接続: Dataproc クラスタ内の Compute Engine 仮想マシンインスタンス（VM）は、マスター VM とワーカー VM で構成され、完全な内部 IP ネットワーク相互接続が必要です。この接続は、default VPC ネットワークによって提供されます（Dataproc クラスタネットワークの構成をご覧ください）。

gcloud

コマンドラインで Dataproc クラスタを作成するには、ターミナルウィンドウまたは Cloud Shell で、gcloud dataproc clusters create コマンドをローカルで実行します。

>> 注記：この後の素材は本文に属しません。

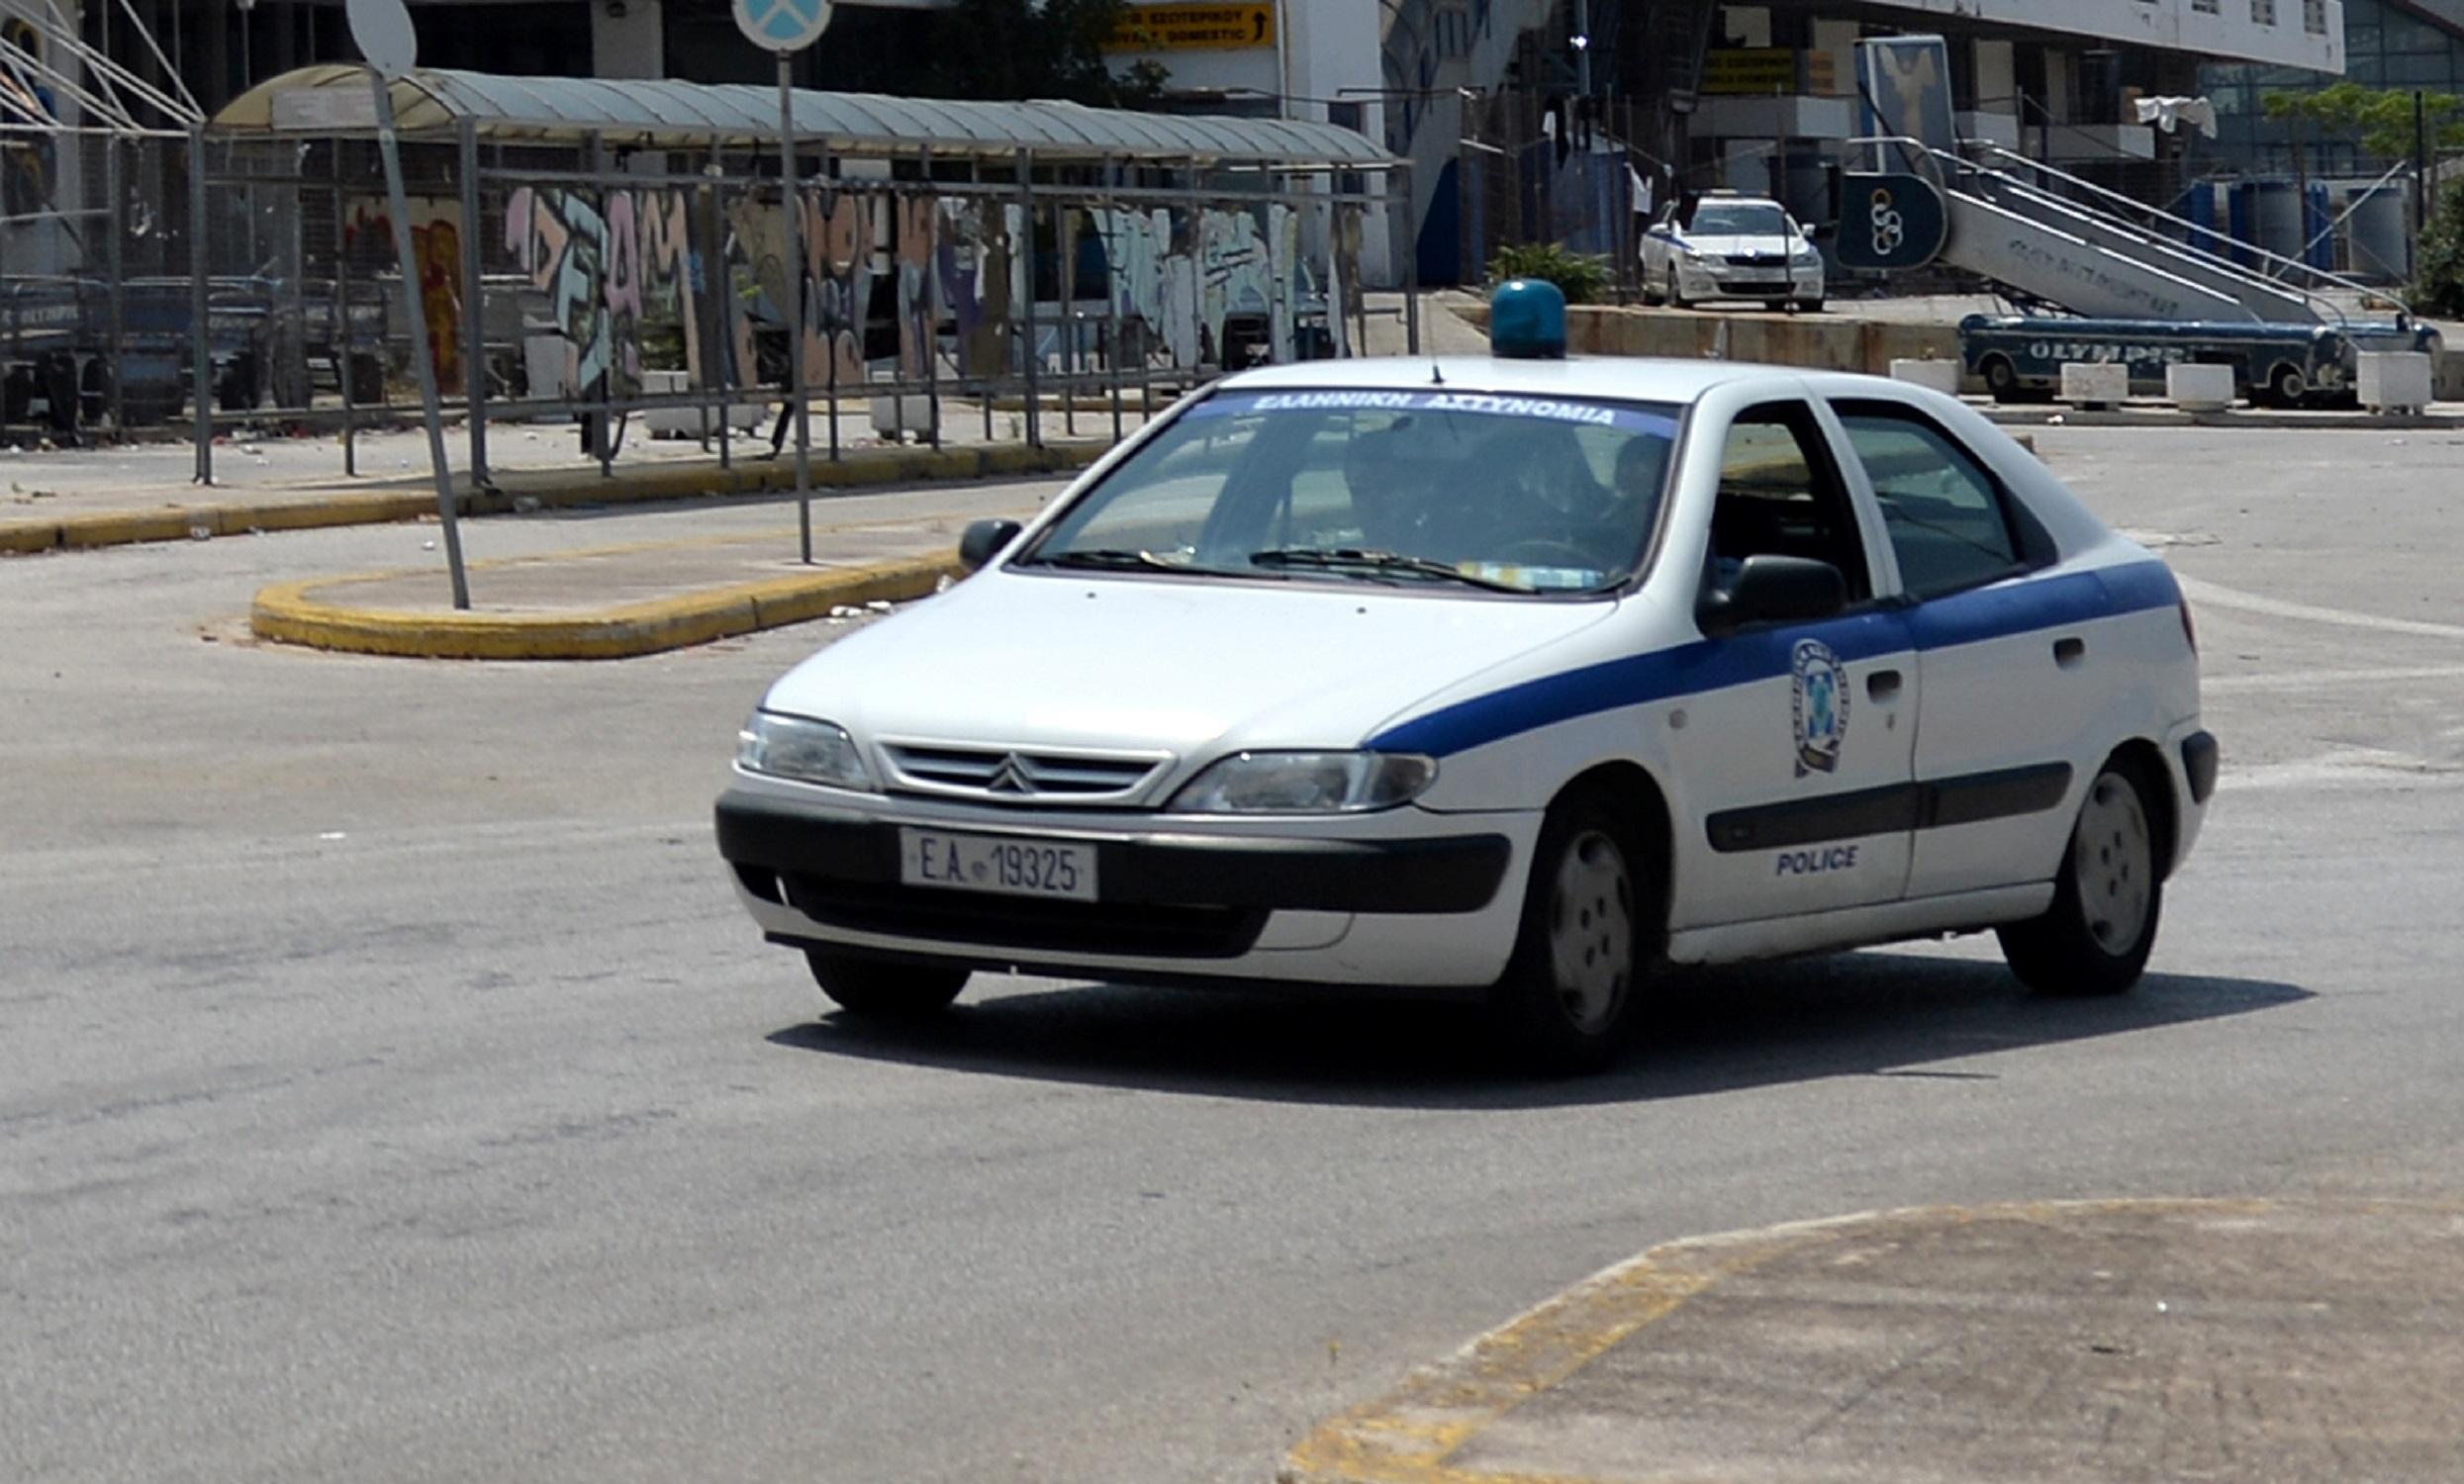 Ηράκλειο: Κατηγορείται και ανήλικος για την ανθρωποκτονία στο Τυμπάκι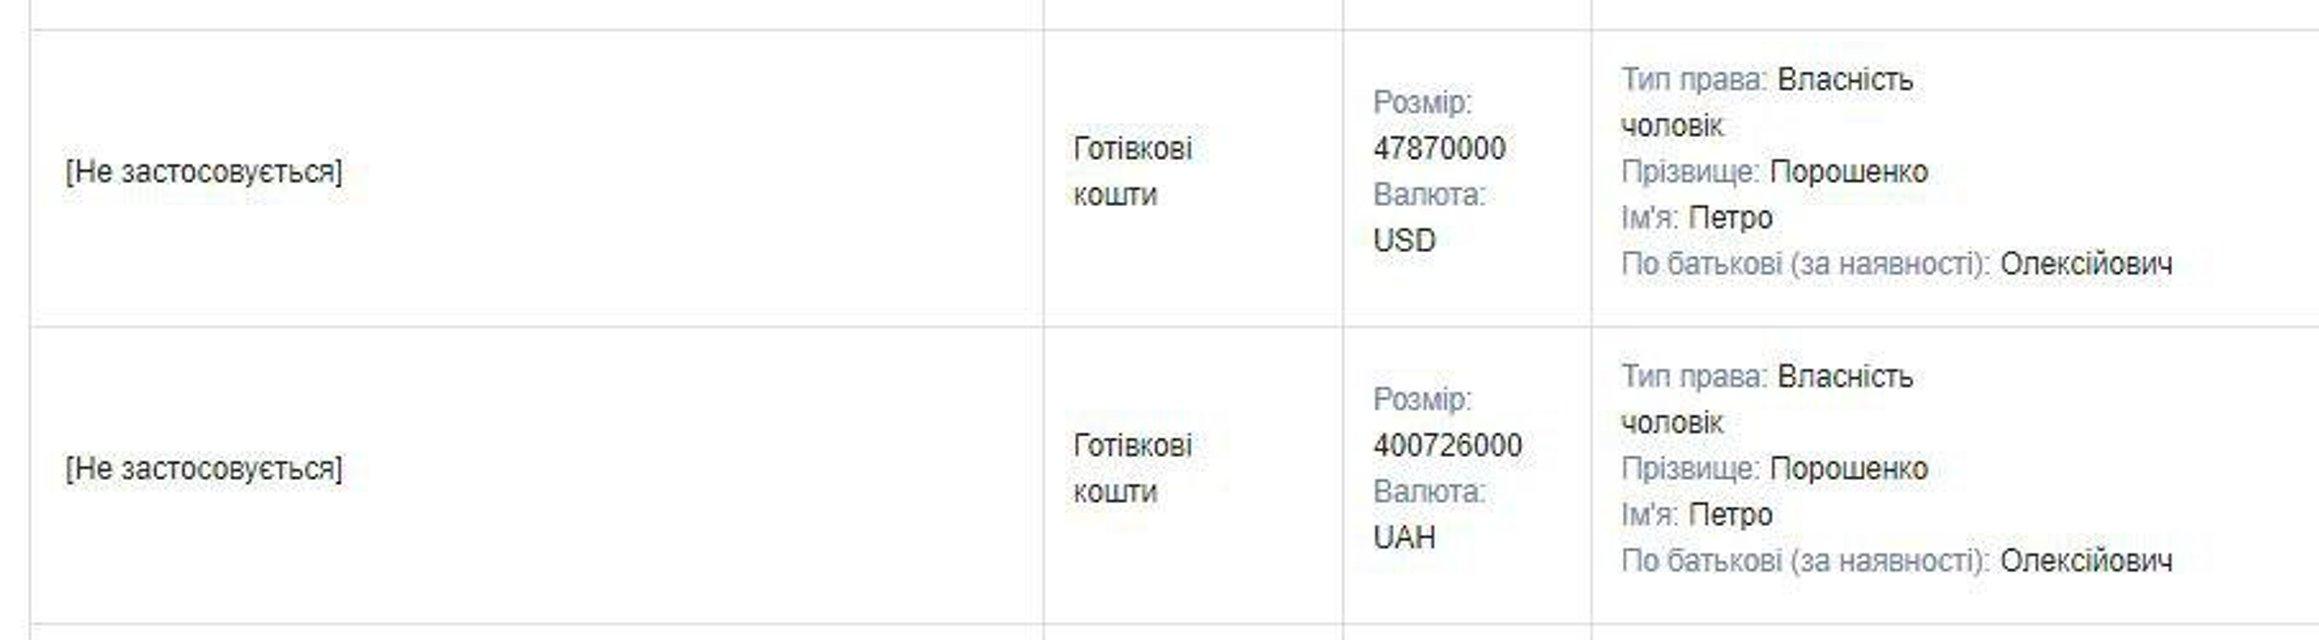 У Порошенка вдома є кілька тон гривень і доларів - фото 206866

gcloud dataproc clusters create CLUSTER_NAME \
    --region=REGION

コマンドを実行すると、デフォルトの Dataproc サービス設定でクラスタが作成されます。デフォルトのサービス設定では、マスター仮想マシンインスタンスとワーカー仮想マシンインスタンス、ディスクのサイズとタイプ、ネットワークタイプ、クラスタがデプロイされるリージョンとゾーン、その他のクラスタ設定が指定されます。コマンドラインフラグを使用したクラスタ設定のカスタマイズについては、gcloud dataproc clusters create コマンドをご覧ください。

YAML ファイルを使用してクラスタを作成する

次の gcloud コマンドを実行して、既存の Dataproc クラスタの構成を cluster.yaml ファイルにエクスポートします。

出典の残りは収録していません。